Wednesday 29 August 2012

Coal mine allocation scandal




Even a lay Indian like myself who has looked at our political scene during his life-time, cannot recall a government that has hurtled into one grave scam after another, involving billions of public money, and then lie through its teeth, asserting its innocence, in a short period of eight years. That unprecedented discredit and notoriety go to the Congress-ruled UPA govt, headed by a self-acclaimed Prime Minister Dr Manmohan Singh. In fact, he is in office but not in power, as the Economist weekly of London, commented on it six years ago. The super Prime Minister is Mrs Sonia Gandhi who as the Congress Party President and the Chairperson of the United Progressive Alliance(UPA), appointed him as Prime Minister in 2004 and reappointed him in 2009, after the general elections. Manmohan Singh fought one Lok Sabha election from New Delhi but lost it to a BJP candidate. Thus, both in 2004 and 2009, he became Prime Minister, courtesy Mrs Sonia Gandhi, the head of the ruling Nehru-Gandhi dynasty, not as a popularly elected Member of  the Lok Sabha, the House of People, as conventionally required, but as a member of the Rajya Sabha, an indirect election. Hence, even as the Prime Minister he is not the Head of the House and he cannot vote in the Lok Sabha. He can only vote in the Rajya Sabha to which he belongs. Thus, the guilt of alleged corruption taints both of them, though, formally, since Dr Singh is constitutionally the head of the government, his accountability and culpability is the foremost.

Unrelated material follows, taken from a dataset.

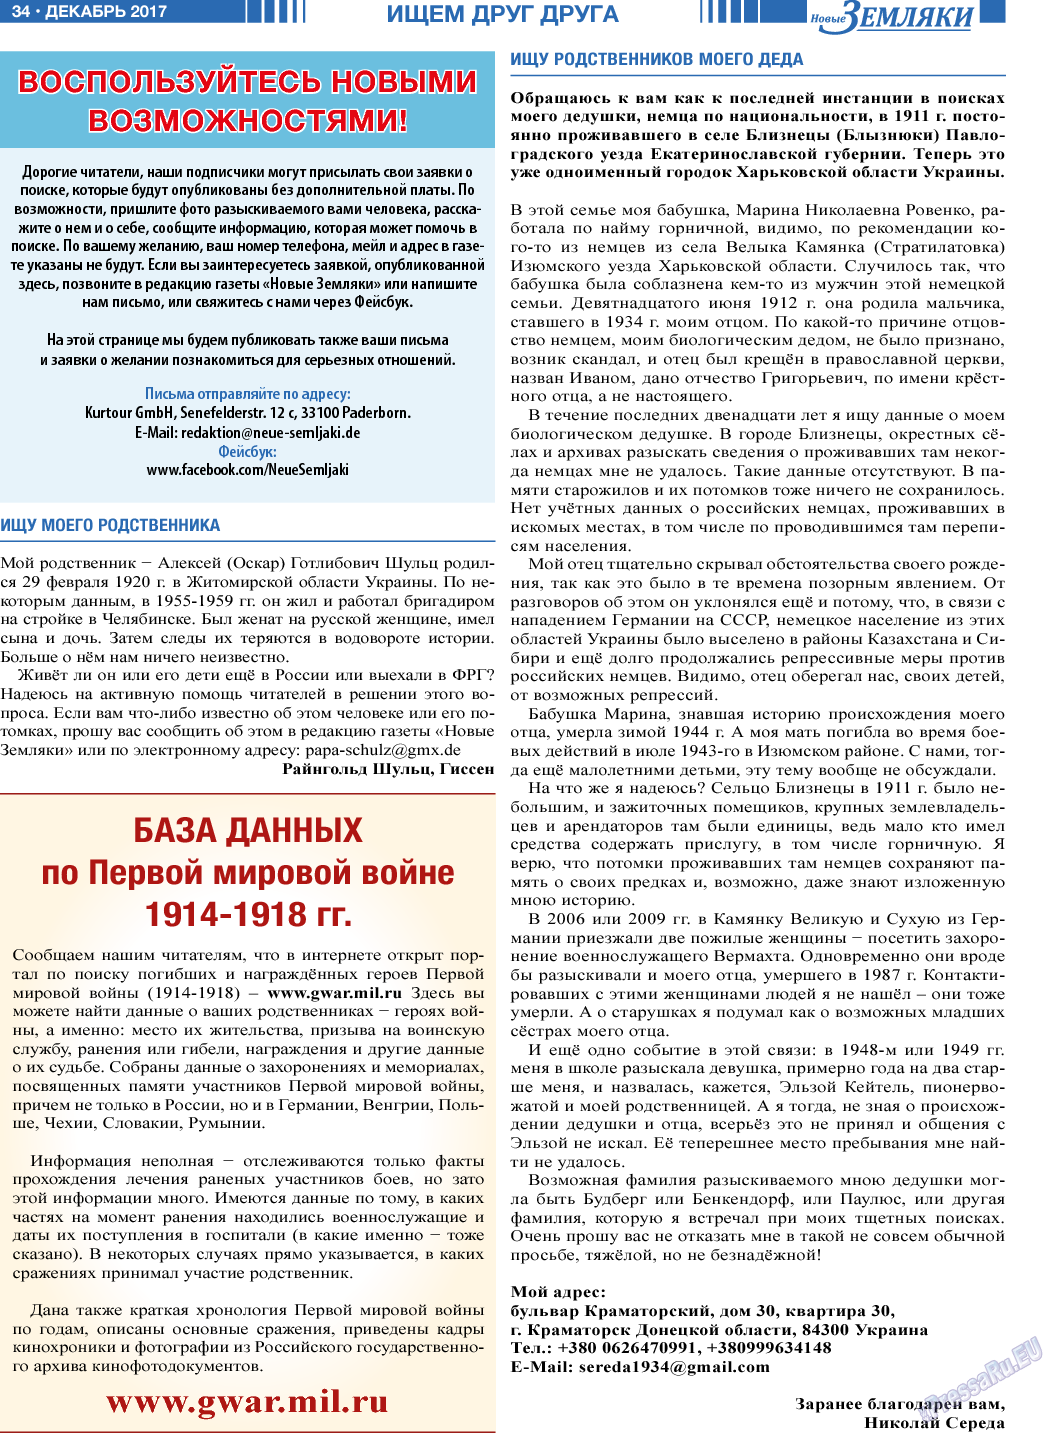 Новые Земляки, газета. 2017 №12 стр.34

The current political drama that is being enacted in the both Houses of the Parliament is quite familiar. The Opposition, led by the BJP, is insisting that the latest scandal-called the Coalgate after the late US President Nixon's Watergate scandal of 1960s-is the responsibility of the Prime Minister since he was holding the charge of that ministry in that period when this scandalous, arbitrary allocation of 142 coal mining blocks took place under his signature. It has been claimed by the Constitutional body-the Comptroller and Auditor General of India(CAG) that is responsible for scanning the finances of the central govt and report to the Parliament annually, that arbitrary distribution of  the valuable blocks of national resources like coal(black gold) by the Screening Committee of the govt.at dirt cheap rates and not auctioning them, has resulted in the loss of 1.86 lack crores to the public exchequer. The opposition has demanded the guitly Minister who happens to be the PM at present, to resign, taking moral responsibility of the huge national loss. They are asserting that until he resigns they will not allow the Parliament to function.

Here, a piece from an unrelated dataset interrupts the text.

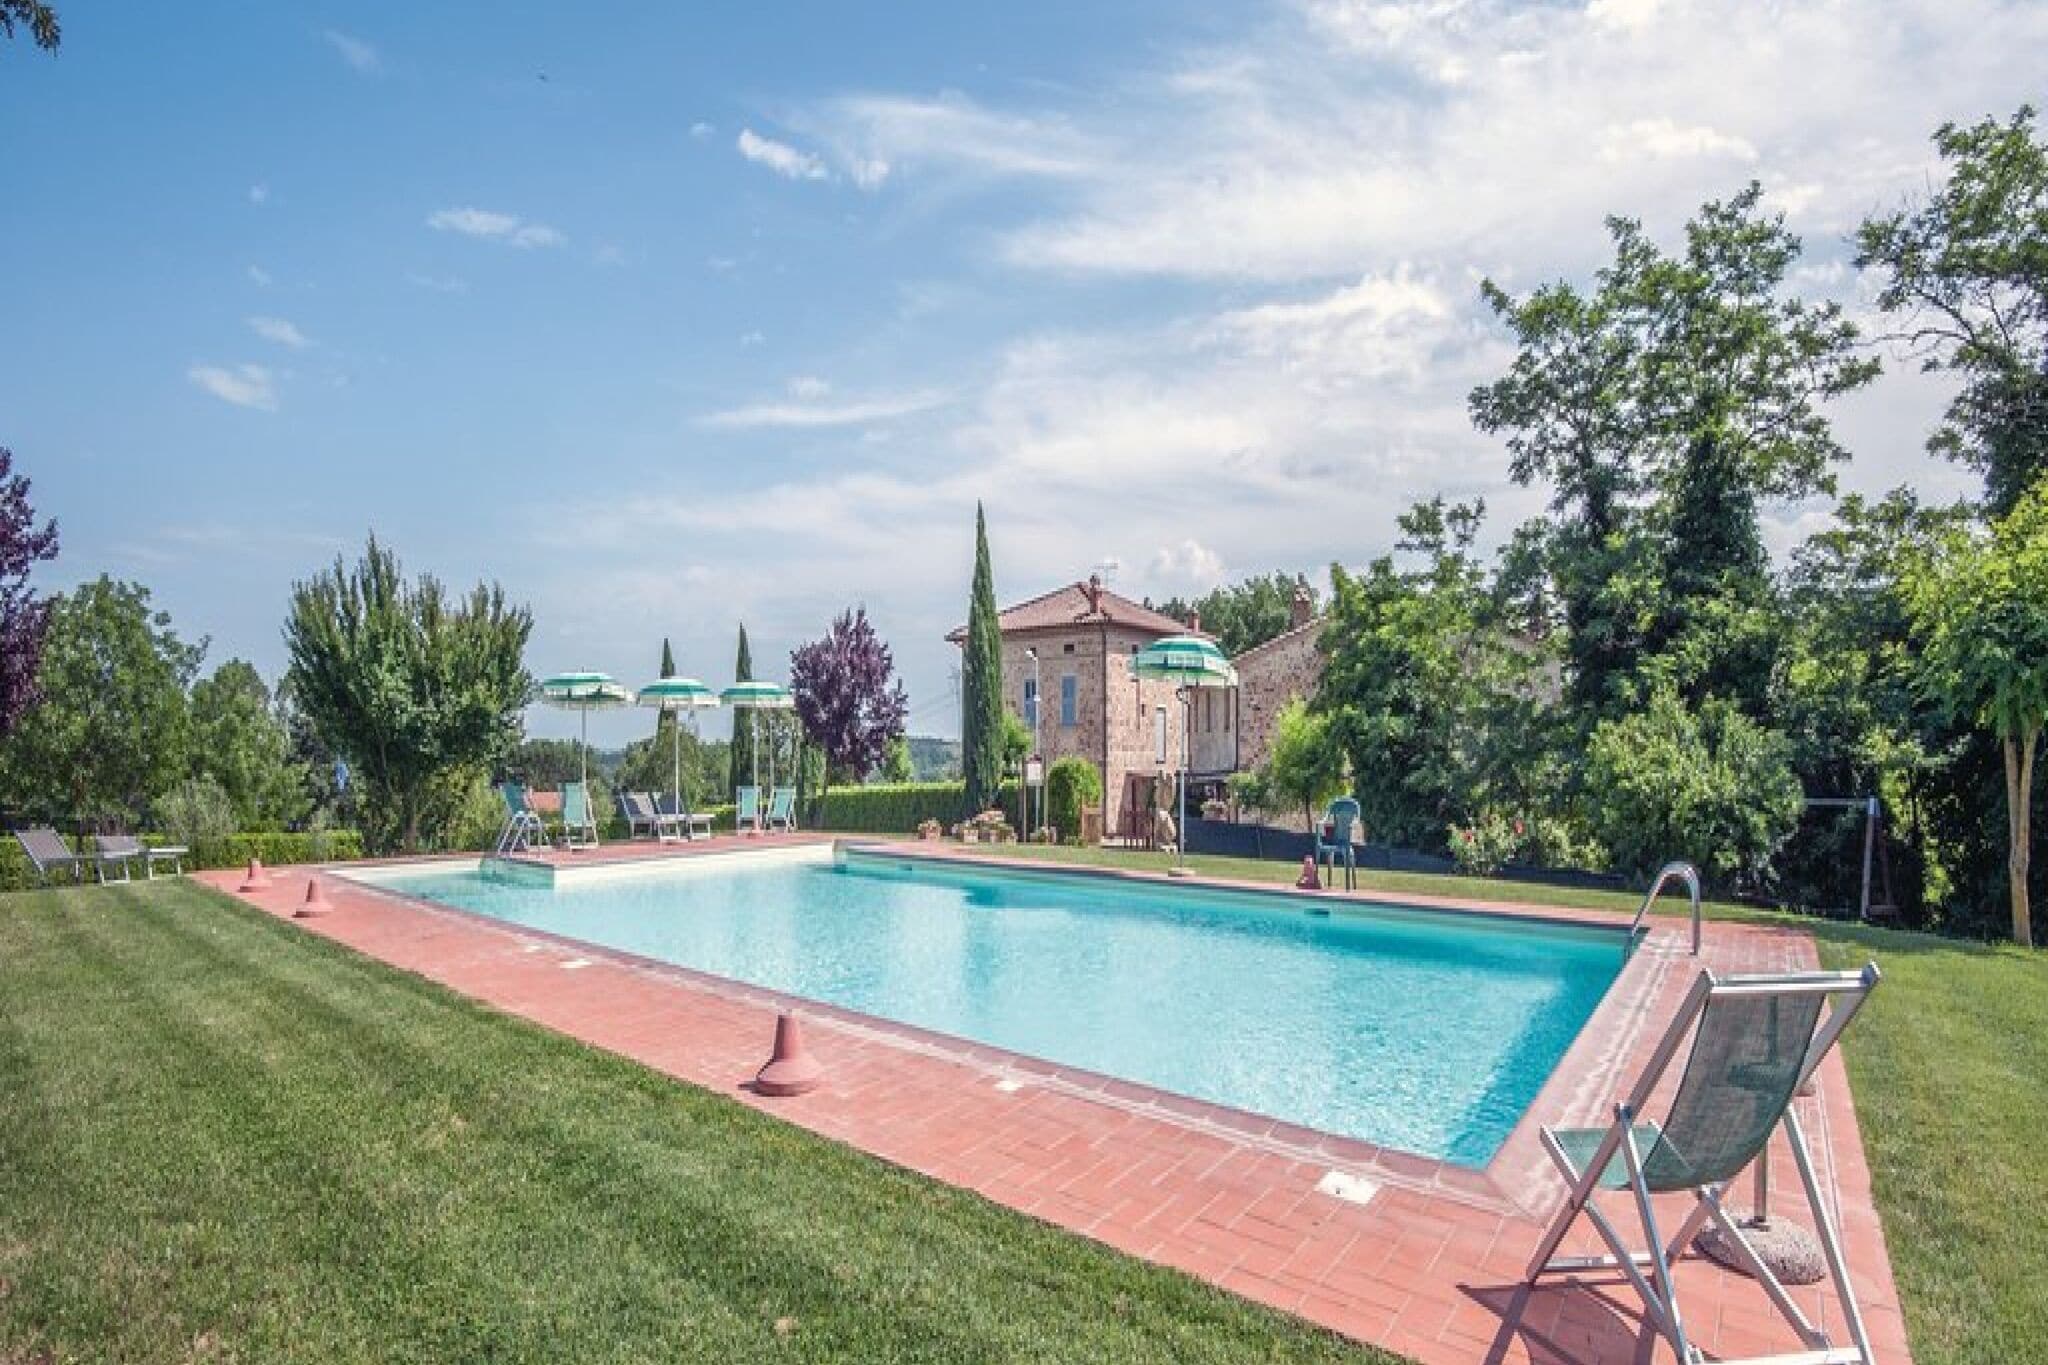 In Wohnungen aufgeteiltes Ferienhaus in der Toskana mit Swimmingpool

Their contention is that during the earlier scam-known as 2G telecom spectrum allocation-the UPA govt all along rejected demands of action against the Minister concerned-A.Raja. Only after a prolonged stalemate and the judicial intervention the Minister was removed and later arrested. The opposition wants a similar action against the wrongdoing of Dr Singh. It is clear that a parliamentary debate will only absolve the guilty Minister of any adverse action and the scam would be buried.